Any action taken by any other organization or group may affect the people related to them in the private sector. These examples are parents, clients, customers, owners, employees, partners, subcontractors, and suppliers of people who are related or located nearby. Key stakeholders are usually internal stakeholders, those who are involved in economic transactions with the business (for example, shareholders, customers, suppliers, creditors and employees). Secondary stakeholders are external stakeholders, even if they are not directly involved in the economic exchange with the business, and are affected or may influence their actions (eg, the general population, community, activists, business support groups And media).

Excluded stakeholders are those who are, like children or the disinterested public, who initially had no economic impact on the business. Because the idea has a distasteful outlook, while some groups, like ordinary people, may be recognized as stakeholders, others remain excluded. Such a perspective does not give plants, animals, or even geology a voice as stakeholders, but merely as material costs for a group of people or individuals.

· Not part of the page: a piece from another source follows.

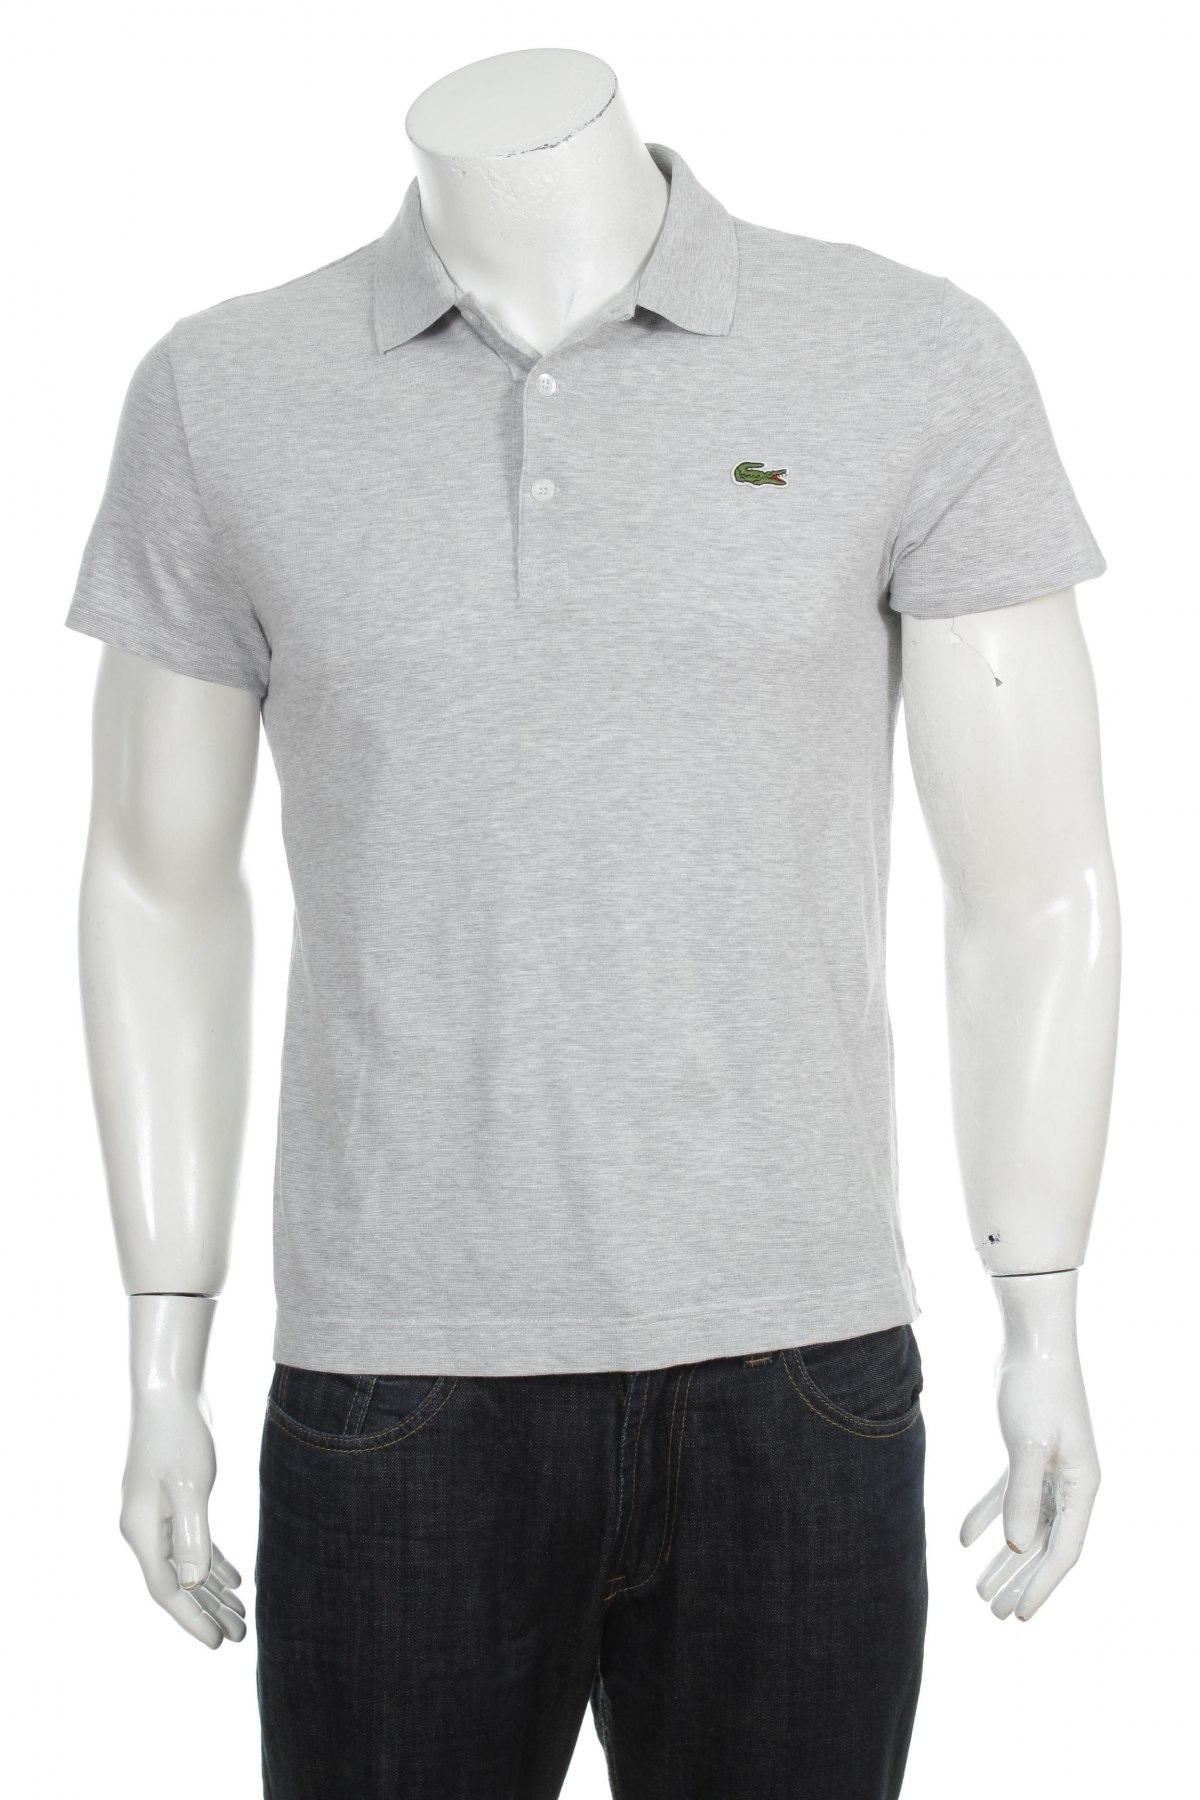 a478aeb01087 Ανδρικό t-shirt Lacoste - σε συμφέρουσα τιμή στο Remix -  101122872
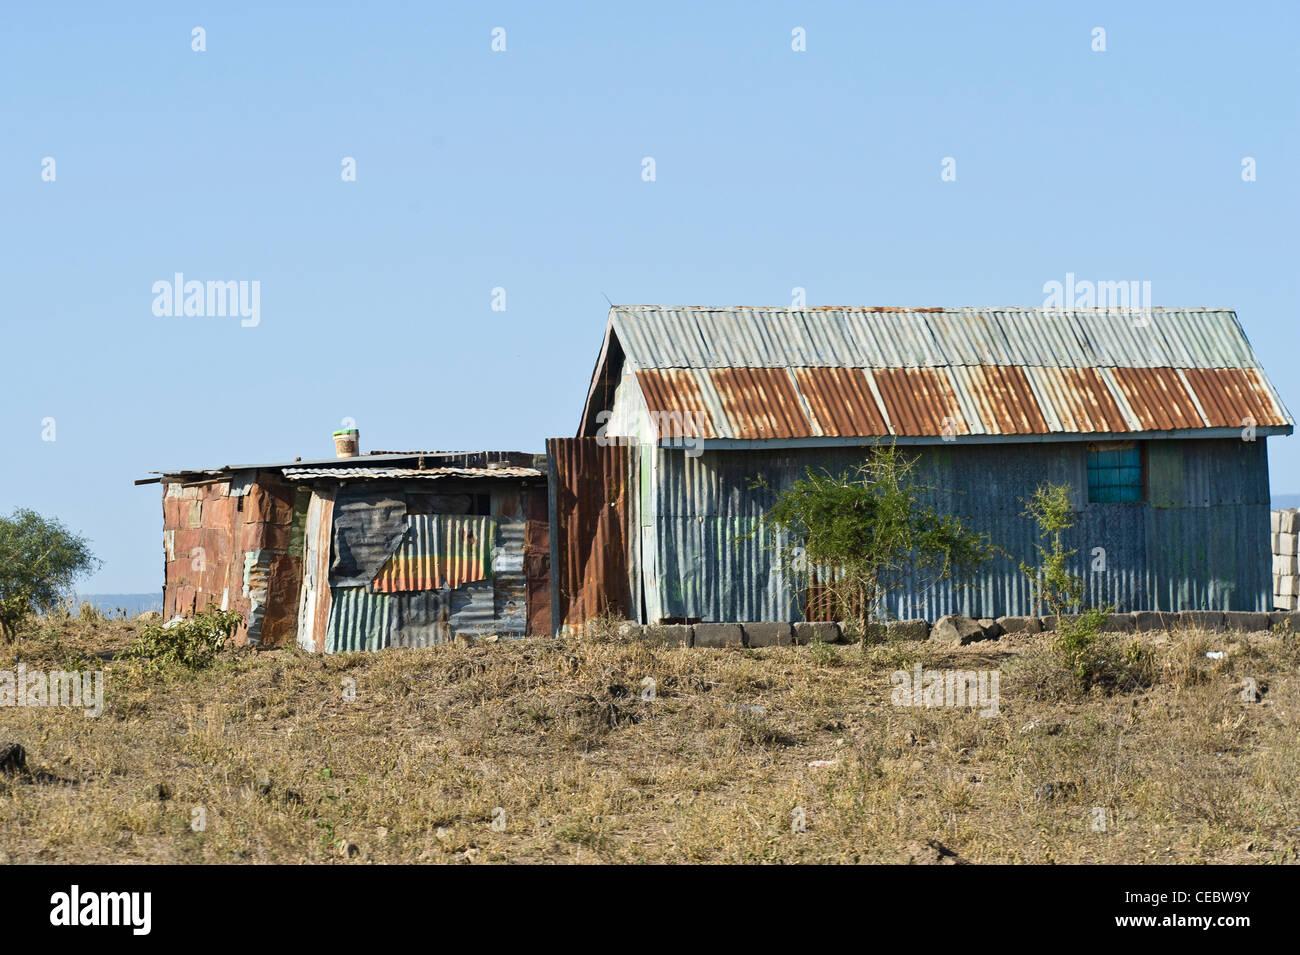 House built with corrugated sheet iron Arusha Tanzania - Stock Image

The company's greatest value is image and brand. By trying to meet the needs and needs of a variety of people, from locals and customers to their employees and owners, companies can prevent the destruction of their image and brand to prevent mass sales losses. And dissatisfied customers and protect legal costs. Even as stakeholder perspectives increase costs, many companies decide that this idea enhances their image, increases sales, reduces the risk of negligence of the company and puts them at risk. They are less defined by pressure groups, election campaigns, and NGOs. Organization.